The ability of an agent to perform well in new and unseen environments is a crucial aspect of intelligence. In machine learning, this ability is referred to as strong or out-of-distribution generalization. However, simply considering differences in data distributions is not sufficient to fully capture differences in environments. In the present paper, we assay out-of-variable generalization, which refers to an agent's ability to handle new situations that involve variables never jointly observed before. We expect that such ability is important also for AI-driven scientific discovery: humans, too, explore 'Nature' by probing, observing and measuring subsets of variables at one time. Mathematically, it requires efficient re-use of past marginal knowledge, i.e., knowledge over subsets of variables.
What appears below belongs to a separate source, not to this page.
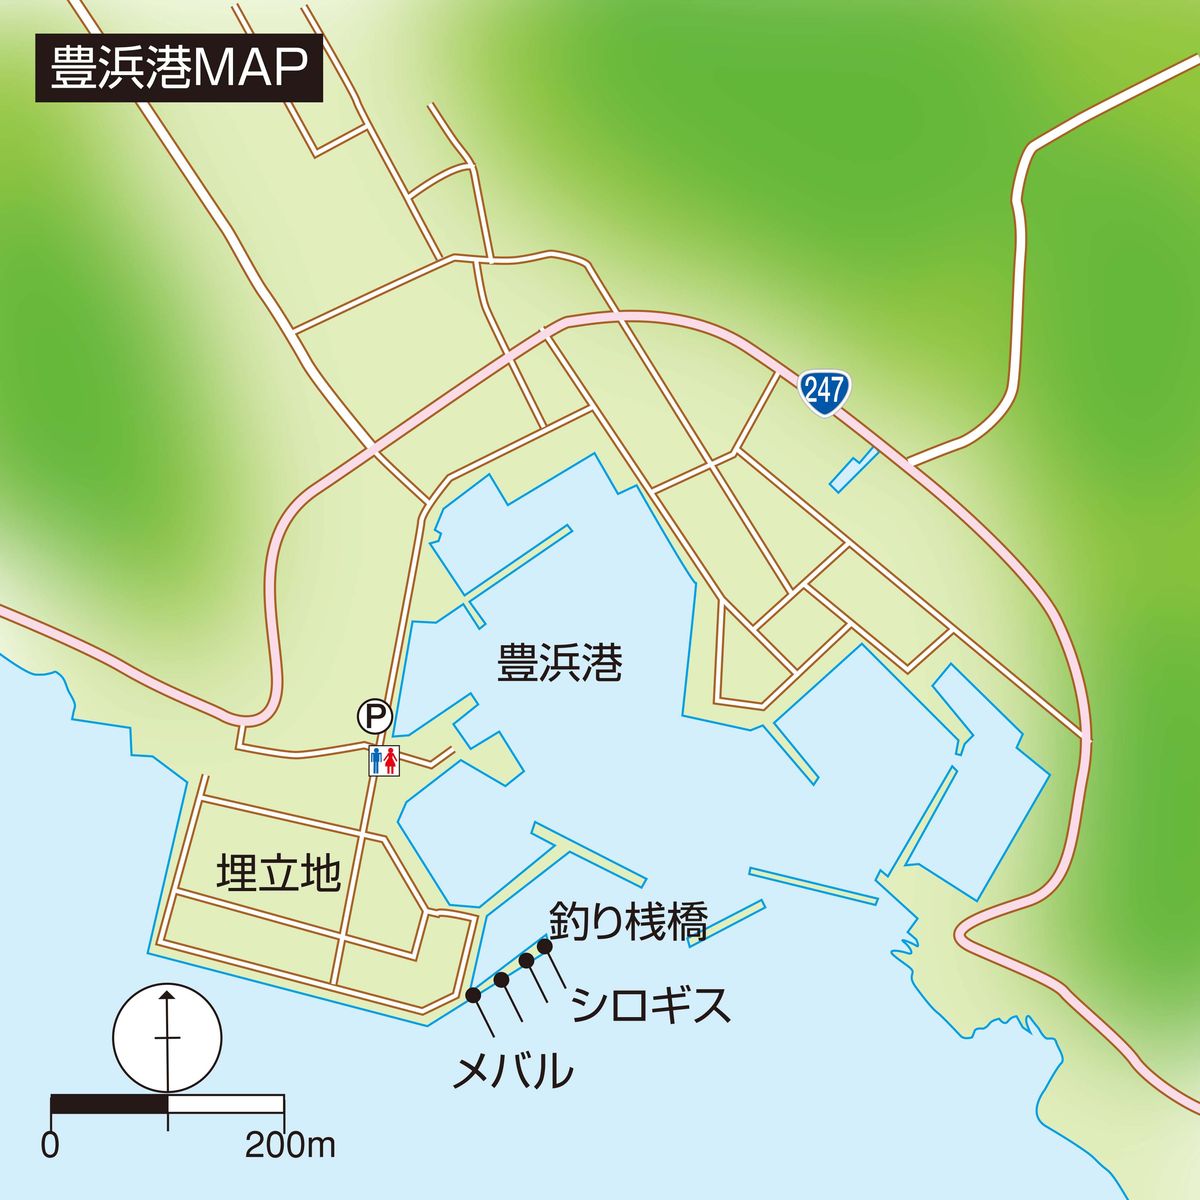 メバル シロギス釣り 愛知県南知多町 豊浜港 全国おすすめ釣り場

We study this problem, focusing on prediction tasks that involve observing overlapping, yet distinct, sets of causal parents. We show that the residual distribution of one environment encodes the partial derivative of the true generating function with respect to the unobserved causal parent. Hence, learning from the residual allows zero-shot prediction even when we never observe the outcome variable in the other environment.
翻译:跨变量泛化能力
在智能领域,智能体在新的、未知的环境中表现良好的能力是智能的一个重要方面。在机器学习中,这种能力被称为强泛化能力或分布外泛化能力。但是,仅仅考虑数据分布的差异是不足以完全捕捉到环境差异的。在本文中,我们探究跨变量泛化能力,它指的是智能体处理以前从未同时观察过的变量的新情况的能力。我们认为这种能力也对基于人工智能的科学发现至关重要:人类也通过探索、观察和测量一次观察一部分变量的方式来探索“自然”。从数学上讲,这需要对过去边际知识的有效重用,即对变量子集的知识。我们研究这个问题,重点关注涉及观察到重叠但不同的因果父项集合的预测任务。我们证明一个环境中的残差分布编码了真实生成函数对未观测的因果父项的偏导数。因此,学习残差可以实现零次预测,即使我们在另一个环境中从未观测到结果变量。